Based on the results in the clinical trial, researchers in the company
believe
CholestFix is more effective.
a). Perform a formal hypothesis test of the researchers’ belief
regarding LDL reduction, using a significance level of \(\alpha = 0.05\).
# Given values
xbar <- 29
mu0 <- 25
sigma <- 15
n <- 5
# Standard error
se <- sigma / sqrt(n)
# Z-statistic
z <- (xbar - mu0) / se
# One-sided p-value
p_value <- 1 - pnorm(z)
# Output
z
[1] 0.5962848
[1] 0.2754925
The test compares the mean cholesterol reduction of CholestFix to
the standard value of 25 using a one-sided z-test. The resulting p-value
is relatively large (≈ 0.275) indicating that the observed sample mean
of 29 is not sufficiently extreme given the variability and small sample
size.
This analysis is valid because the population standard deviation
is assumed known and the test statistic follows a normal distribution.
However, the small sample size (n = 5) limits statistical
power.
Conclusion: There is insufficient evidence at the 5%
significance level to conclude that CholestFix produces a greater mean
reduction than the standard drug.
b).
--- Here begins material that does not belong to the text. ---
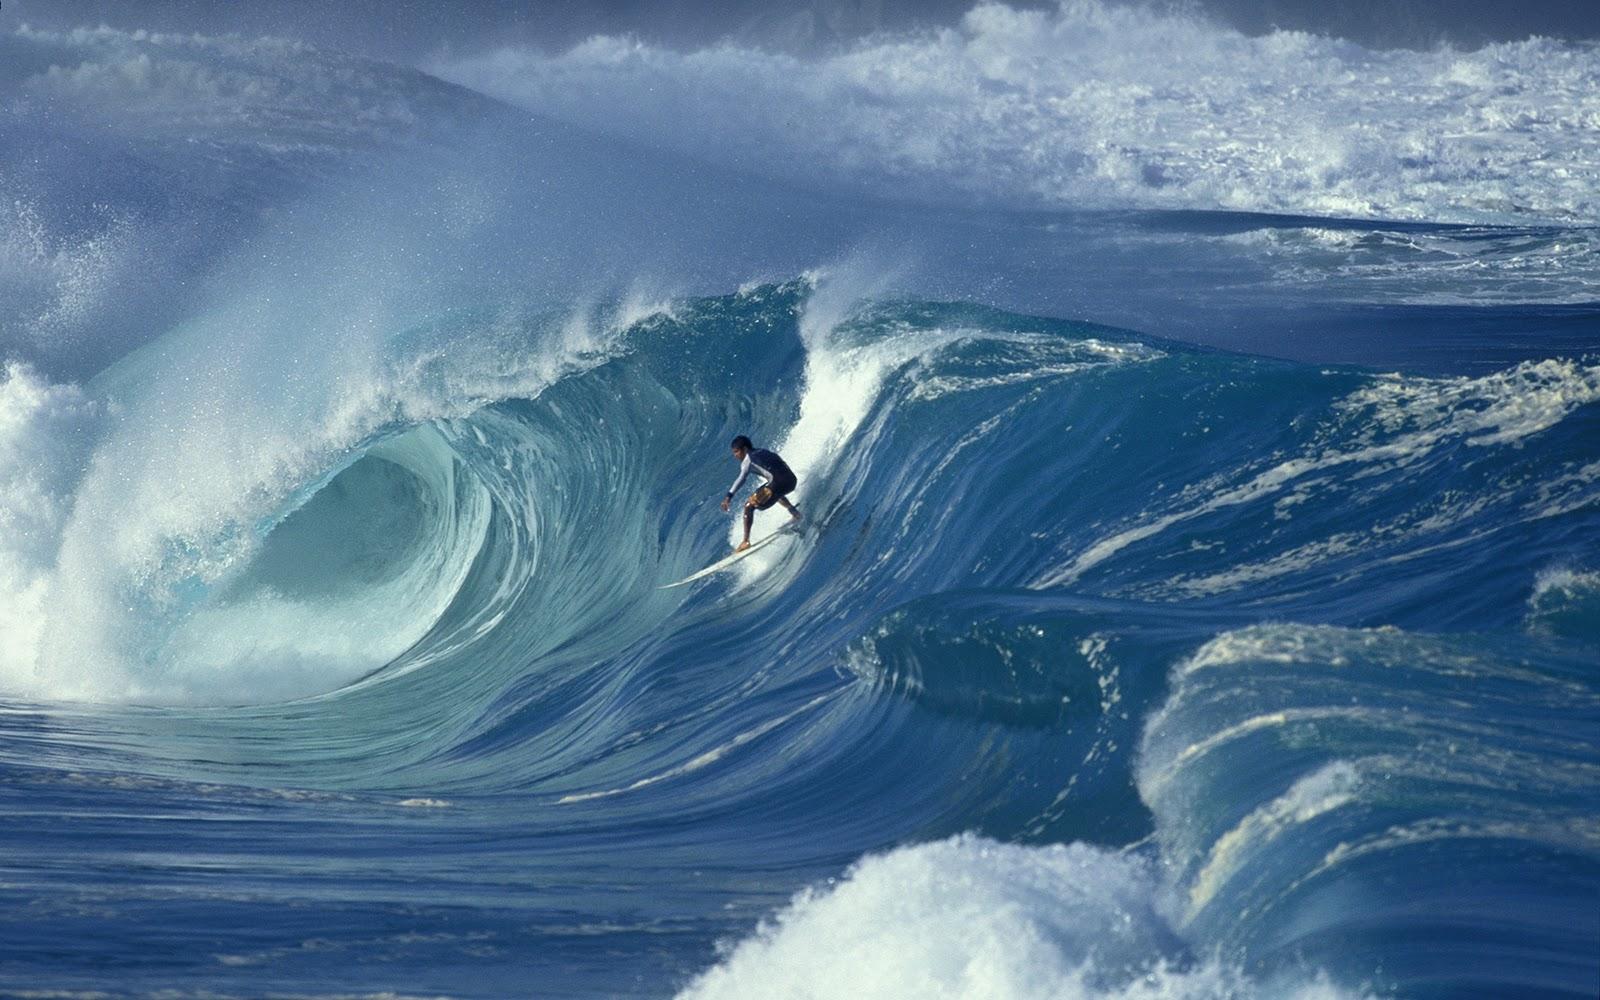 69 Surfer Wallpaper On Wallpapersafari

Given \(n = 50, \sigma = 15, \alpha =
0.05\), and an effect size we wish to detect \(\delta = 4\) mg/dL (corresponding to a
reduction from 29 mg/dL to 25 mg/dL). What is the probability that we’d
detect a true improvement?
# Given values
sigma <- 15
n <- 50
delta <- 4 # true mean difference
alpha <- 0.05
# Standard error
se <- sigma / sqrt(n)
# Critical value
z_alpha <- qnorm(1 - alpha)
# Effect size in z-units
effect_z <- delta / se
# Power
power <- 1 - pnorm(z_alpha - effect_z)
# Output
power
[1] 0.5951312
The computed power is approximately 0.60 meaning there is about a
60% probability of correctly rejecting the null hypothesis if the true
mean improvement is 4 units above the standard.
This calculation is valid under the assumptions of known
population variance and normality. It reflects the test’s sensitivity
given the specified effect size and sample size.
Conclusion: The study has only moderate power implying a
relatively high chance (40%) of failing to detect a true improvement. A
larger sample size would be needed for more reliable
detection.
c). Determine the minimum sample size required to detect an effect
size of 4 mg/dL with a power of \(1 - \beta =
0.8\) and a significance level of \(\alpha = 0.05\). Assume the standard
deviation of LDL reduction is 15 mg/dL.
# Given values
sigma <- 15
delta <- 4
alpha <- 0.05
power_target <- 0.80
# Z values
z_alpha <- qnorm(1 - alpha)
z_beta <- qnorm(power_target)
# Sample size formula
n_required <- (( (z_alpha + z_beta) * sigma ) / delta)^2
# Round up
n_required <- ceiling(n_required)
# Output
n_required
[1] 87
The required sample size to achieve 80% power is 87. This ensures
a high probability of detecting a true effect of size 4 at the 5%
significance level.
This result follows from standard sample size formulas for
z-tests under normality and known variance assumptions.
Conclusion: A larger sample size than initially used is
necessary to achieve adequate statistical power.
d).
Power curve: To assess the impact of sample size on
power, we can create a power function in terms of the sample size
\(n\) and use the remaining information from
part (b). Plot the power curve by selecting a sequence of sample sizes.
# Parameters
sigma <- 15
delta <- 4
alpha <- 0.05
# Sample size range
n_seq <- seq(10, 150, by = 1)
# Function to compute power
power_func <- function(n) {
se <- sigma / sqrt(n)
z_alpha <- qnorm(1 - alpha)
effect_z <- delta / se
1 - pnorm(z_alpha - effect_z)
}
# Compute power for each n
power_vals <- sapply(n_seq, power_func)
# Plot
plot(n_seq, power_vals, type = "l",
xlab = "Sample Size (n)",
ylab = "Power",
main = "Power Curve")
# Add reference line at 80% power
abline(h = 0.8, lty = 2)

The power curve shows that the statistical power increases as
sample size increases. For small sample sizes, when power is low, true
effects are likely to be missed but as sample size approaches 87, power
reaches the desired 80% level.
This analysis is valid because it applies the same assumptions as
earlier parts while systematically varying sample size.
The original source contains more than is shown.